Task brief » Your reply should contain the whole listing below, repeated exactly, and no images.

Data provided »

○ ○ ○ ○ ○

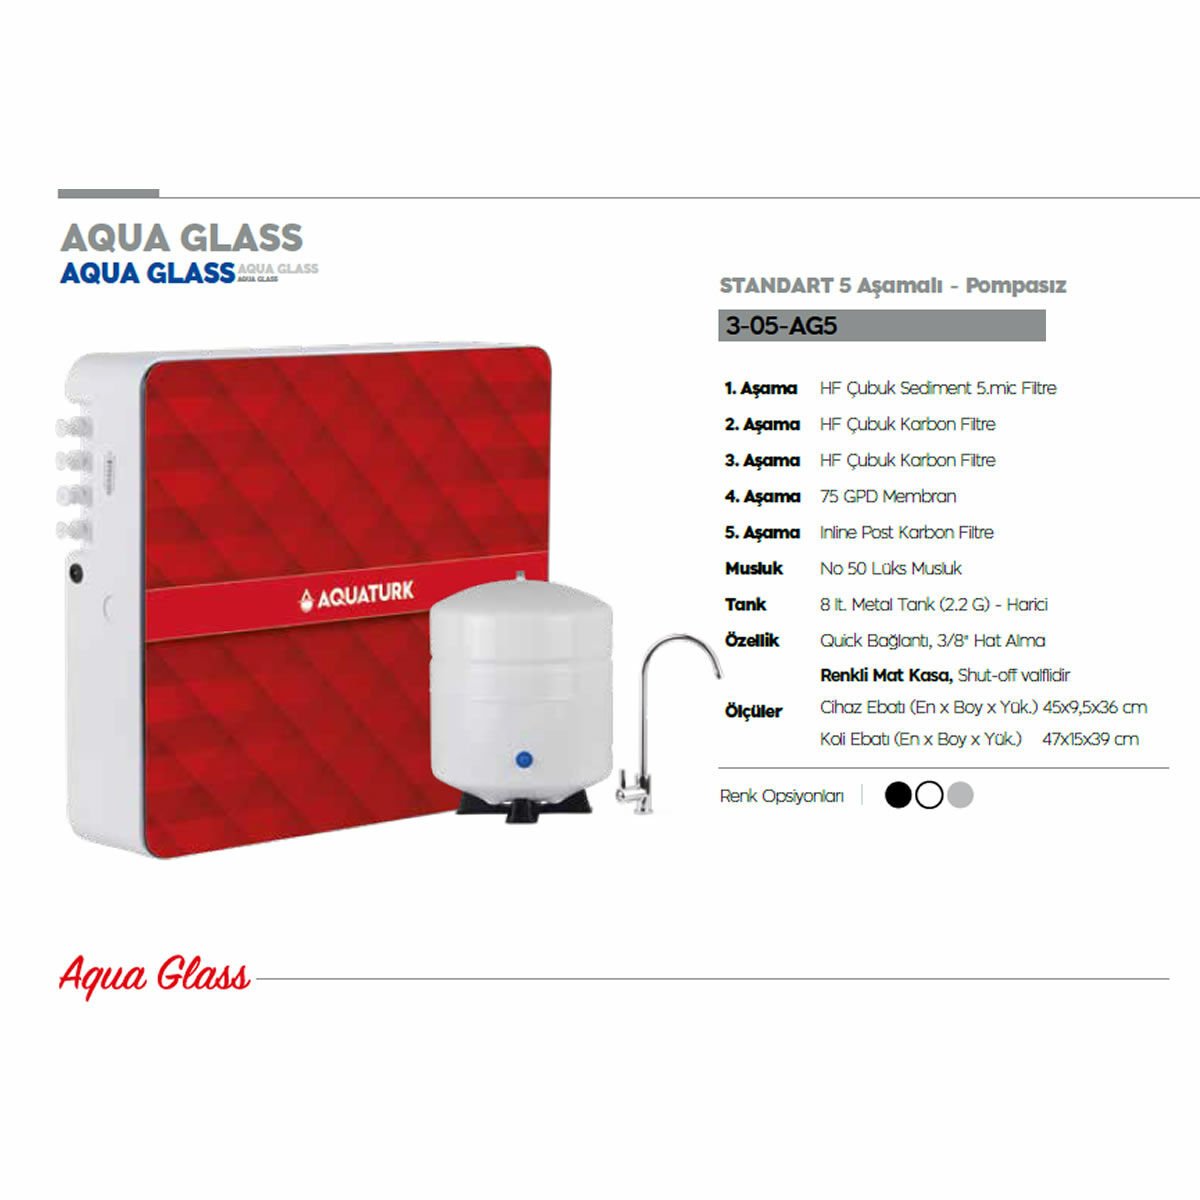 AQUA GLASS STANDART 5 Aşamalı - Pompasız 3-05-AG5
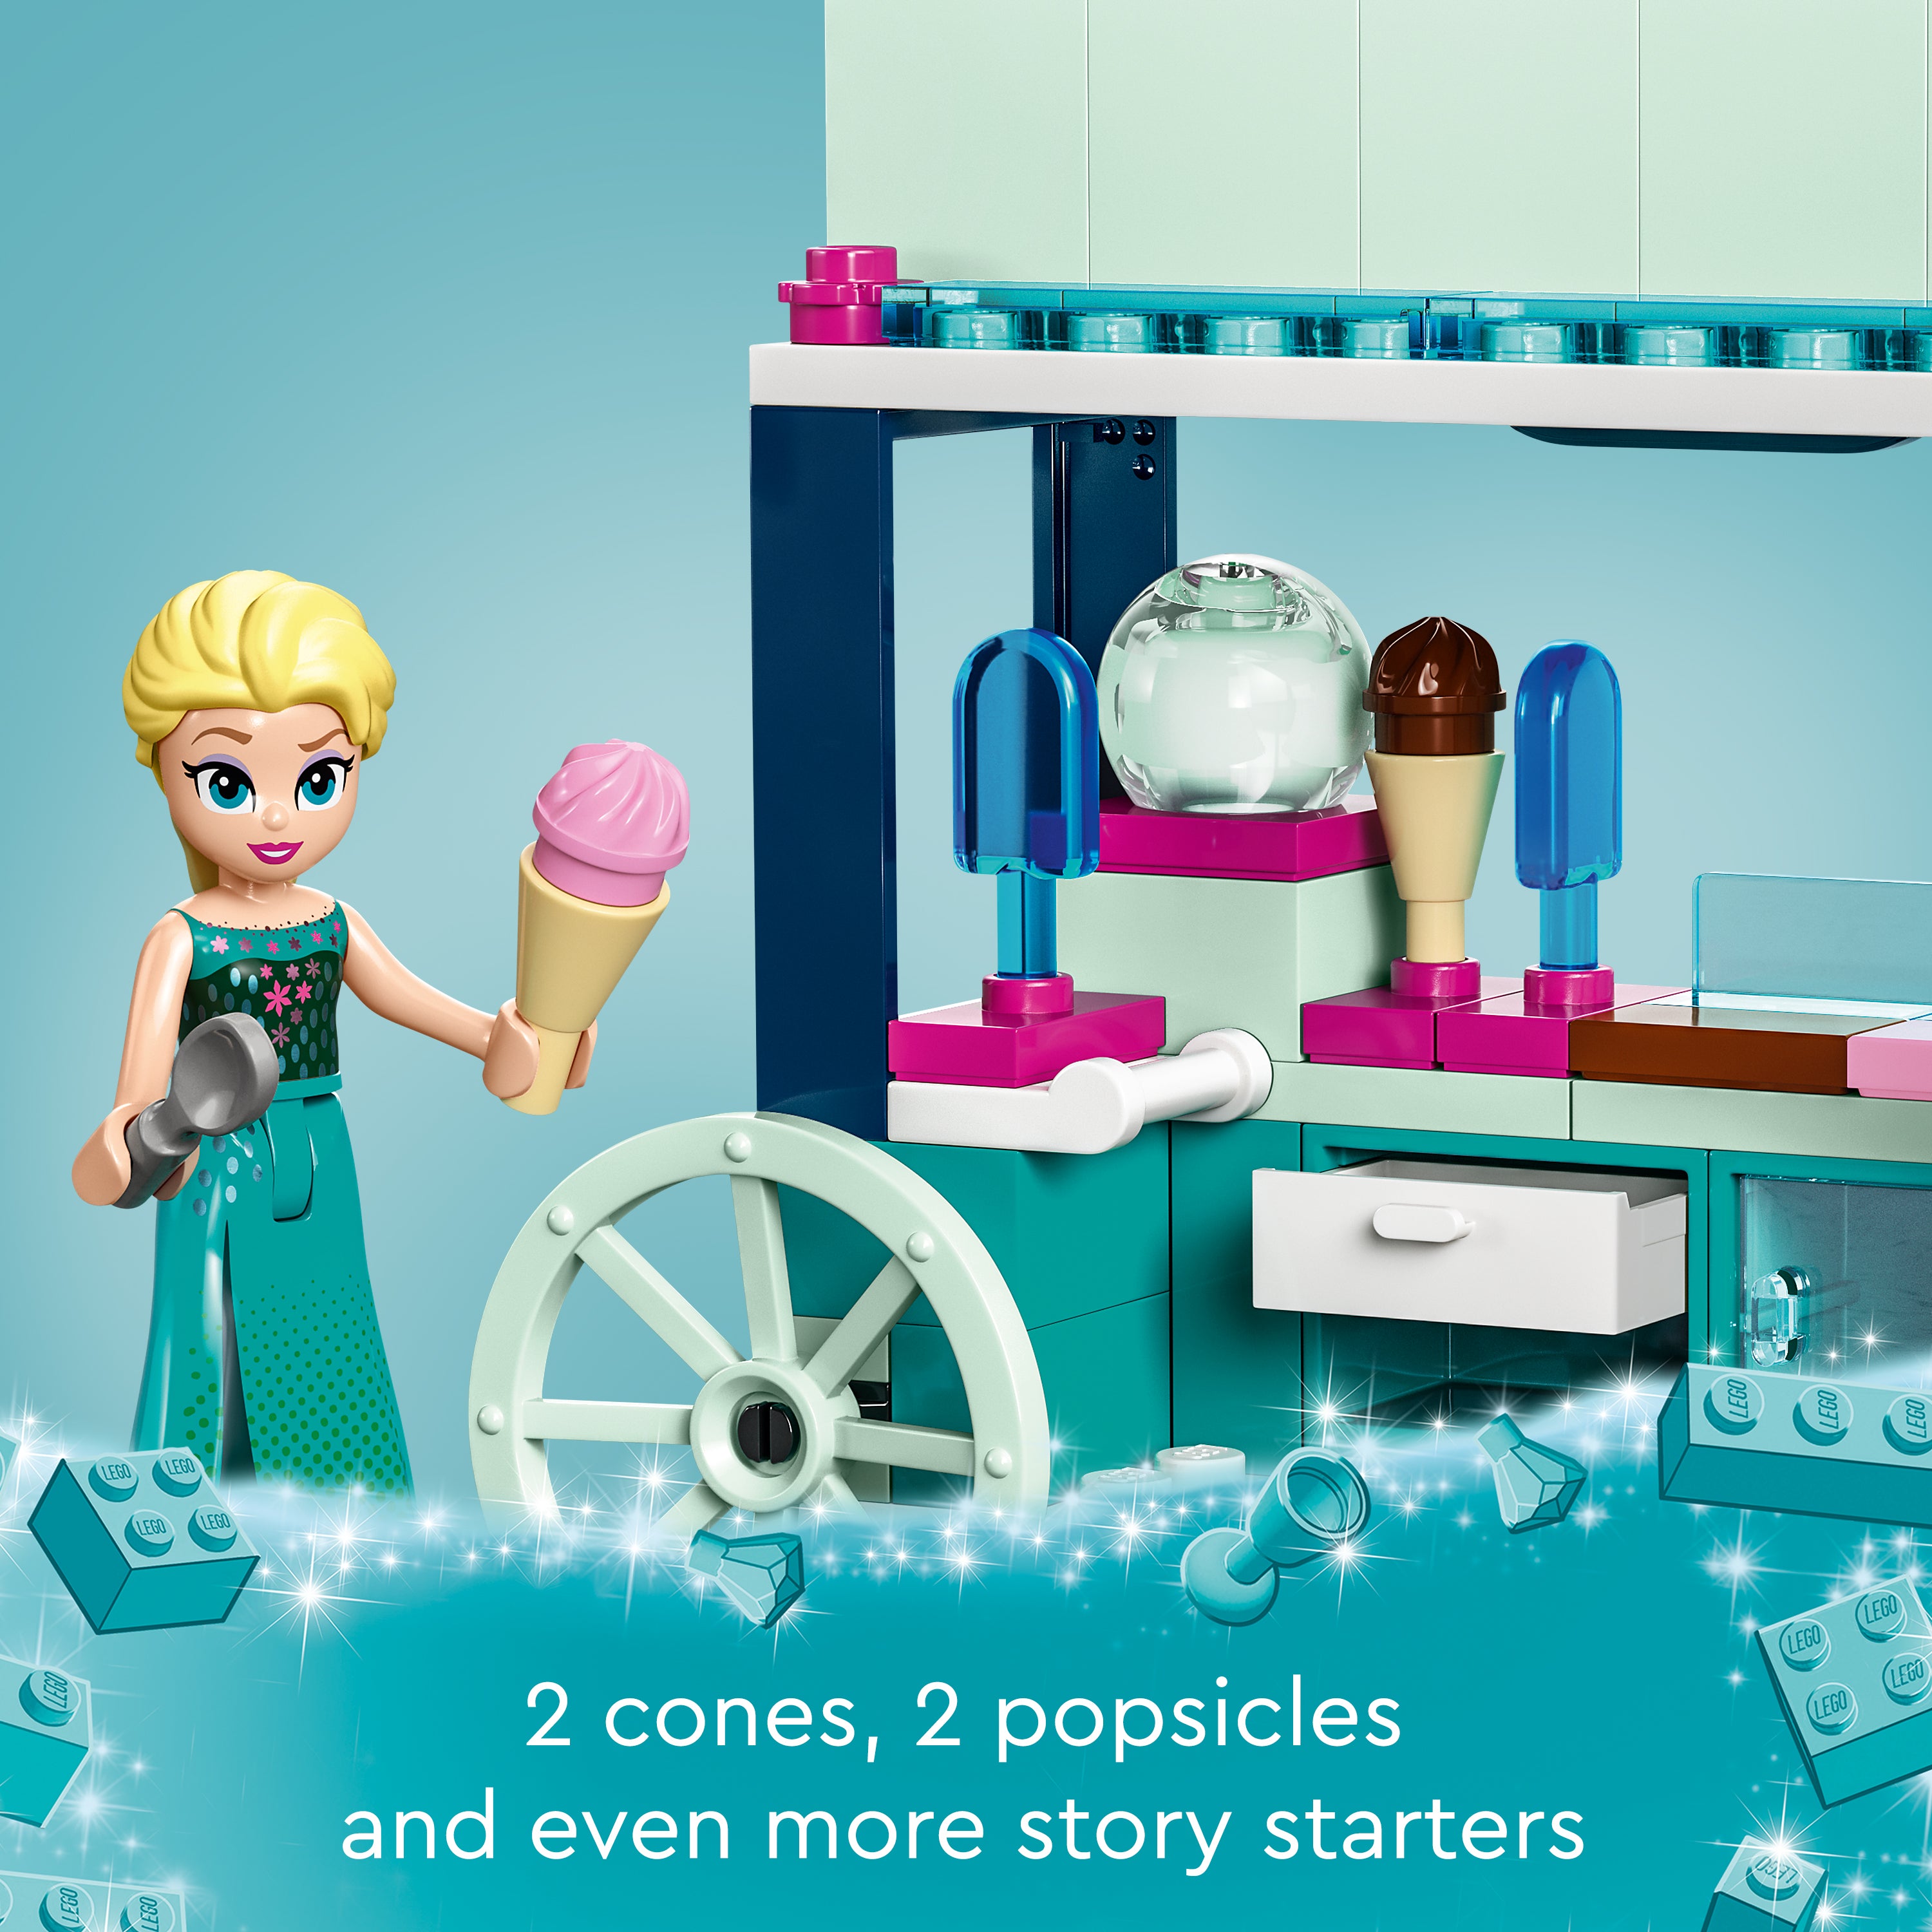 Lego 43234 Elsas Frozen Treats Set
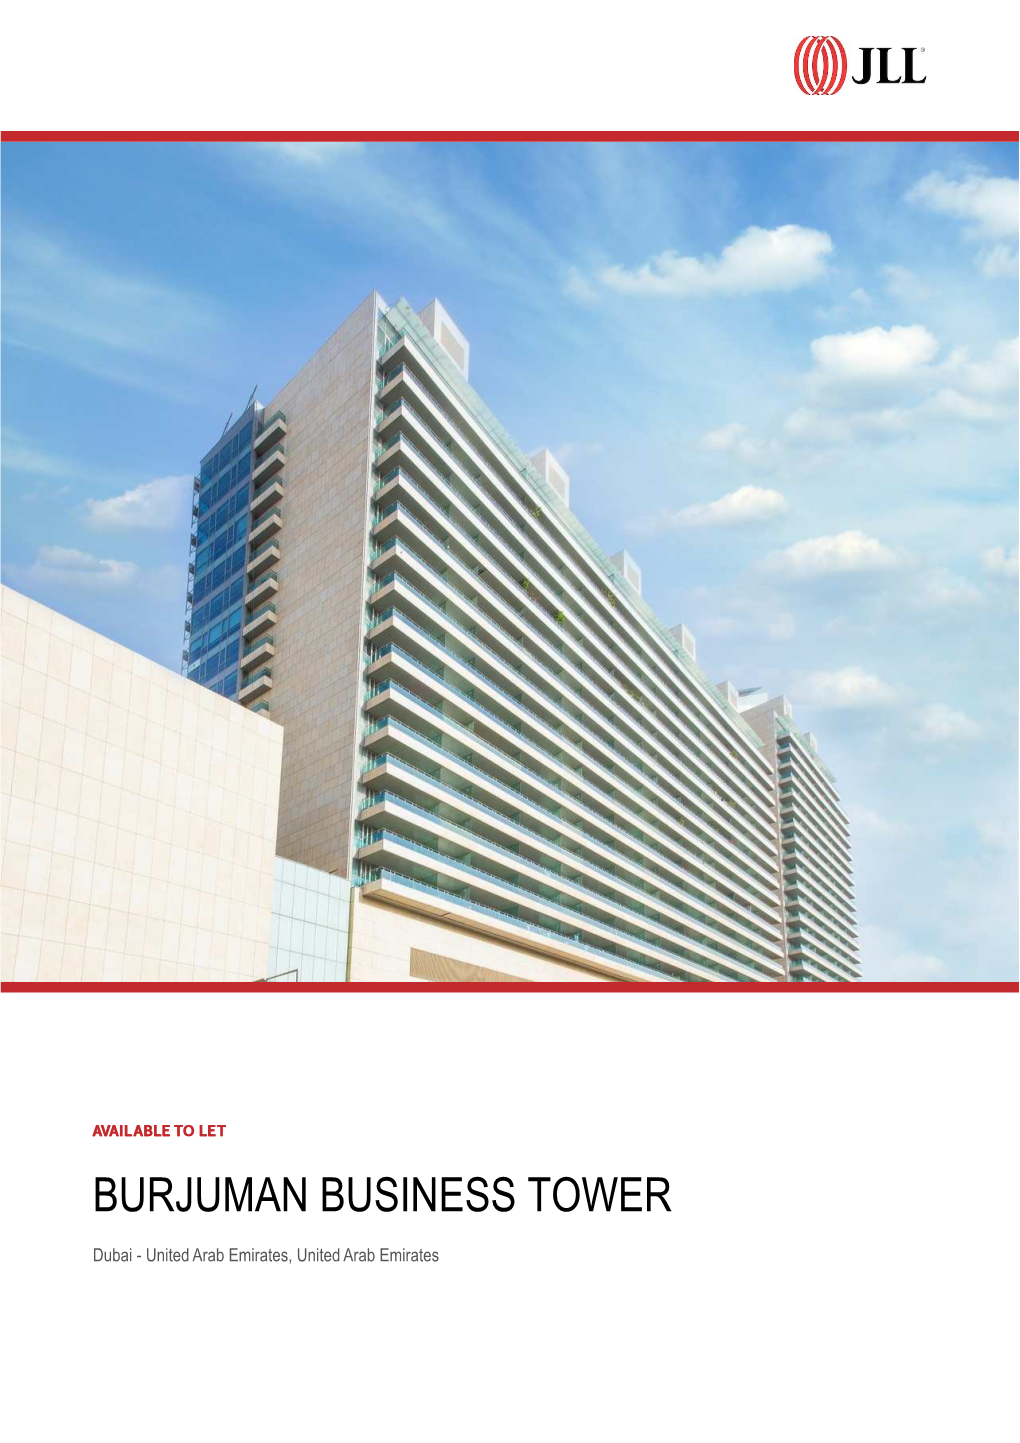 Burjuman Business Tower

○ ○ ○ ○ ○

Answer »
 AQUA GLASS STANDART 5 Aşamalı - Pompasız 3-05-AG5
 Lego 43234 Elsas Frozen Treats Set
 Burjuman Business Tower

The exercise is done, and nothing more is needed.